Records from a data source:
=====
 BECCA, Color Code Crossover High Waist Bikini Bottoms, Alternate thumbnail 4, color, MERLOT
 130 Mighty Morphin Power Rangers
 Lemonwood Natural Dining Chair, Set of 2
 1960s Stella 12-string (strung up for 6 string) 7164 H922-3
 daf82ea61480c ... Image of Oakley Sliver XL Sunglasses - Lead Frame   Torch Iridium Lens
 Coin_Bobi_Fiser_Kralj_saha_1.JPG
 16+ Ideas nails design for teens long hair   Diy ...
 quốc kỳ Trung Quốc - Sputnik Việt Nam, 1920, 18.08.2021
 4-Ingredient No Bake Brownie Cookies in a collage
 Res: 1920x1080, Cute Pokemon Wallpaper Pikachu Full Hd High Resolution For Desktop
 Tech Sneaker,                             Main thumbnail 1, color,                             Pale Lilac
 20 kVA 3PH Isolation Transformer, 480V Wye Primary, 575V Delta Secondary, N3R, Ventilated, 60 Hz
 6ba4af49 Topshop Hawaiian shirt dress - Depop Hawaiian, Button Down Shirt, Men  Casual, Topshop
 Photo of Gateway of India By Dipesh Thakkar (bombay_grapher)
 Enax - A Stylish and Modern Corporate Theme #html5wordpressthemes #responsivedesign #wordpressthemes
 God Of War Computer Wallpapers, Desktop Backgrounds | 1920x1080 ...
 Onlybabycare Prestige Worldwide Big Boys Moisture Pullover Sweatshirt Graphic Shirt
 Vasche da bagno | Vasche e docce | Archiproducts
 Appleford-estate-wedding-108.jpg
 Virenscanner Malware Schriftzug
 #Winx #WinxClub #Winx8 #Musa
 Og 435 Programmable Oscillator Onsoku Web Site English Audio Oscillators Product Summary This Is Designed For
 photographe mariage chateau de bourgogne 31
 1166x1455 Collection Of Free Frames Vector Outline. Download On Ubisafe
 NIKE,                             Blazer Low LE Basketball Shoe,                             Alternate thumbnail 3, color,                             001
=====
## What to produce
Reproduce the data exactly, character for character.

## Response box
 BECCA, Color Code Crossover High Waist Bikini Bottoms, Alternate thumbnail 4, color, MERLOT
 130 Mighty Morphin Power Rangers
 Lemonwood Natural Dining Chair, Set of 2
 1960s Stella 12-string (strung up for 6 string) 7164 H922-3
 daf82ea61480c ... Image of Oakley Sliver XL Sunglasses - Lead Frame   Torch Iridium Lens
 Coin_Bobi_Fiser_Kralj_saha_1.JPG
 16+ Ideas nails design for teens long hair   Diy ...
 quốc kỳ Trung Quốc - Sputnik Việt Nam, 1920, 18.08.2021
 4-Ingredient No Bake Brownie Cookies in a collage
 Res: 1920x1080, Cute Pokemon Wallpaper Pikachu Full Hd High Resolution For Desktop
 Tech Sneaker,                             Main thumbnail 1, color,                             Pale Lilac
 20 kVA 3PH Isolation Transformer, 480V Wye Primary, 575V Delta Secondary, N3R, Ventilated, 60 Hz
 6ba4af49 Topshop Hawaiian shirt dress - Depop Hawaiian, Button Down Shirt, Men  Casual, Topshop
 Photo of Gateway of India By Dipesh Thakkar (bombay_grapher)
 Enax - A Stylish and Modern Corporate Theme #html5wordpressthemes #responsivedesign #wordpressthemes
 God Of War Computer Wallpapers, Desktop Backgrounds | 1920x1080 ...
 Onlybabycare Prestige Worldwide Big Boys Moisture Pullover Sweatshirt Graphic Shirt
 Vasche da bagno | Vasche e docce | Archiproducts
 Appleford-estate-wedding-108.jpg
 Virenscanner Malware Schriftzug
 #Winx #WinxClub #Winx8 #Musa
 Og 435 Programmable Oscillator Onsoku Web Site English Audio Oscillators Product Summary This Is Designed For
 photographe mariage chateau de bourgogne 31
 1166x1455 Collection Of Free Frames Vector Outline. Download On Ubisafe
 NIKE,                             Blazer Low LE Basketball Shoe,                             Alternate thumbnail 3, color,                             001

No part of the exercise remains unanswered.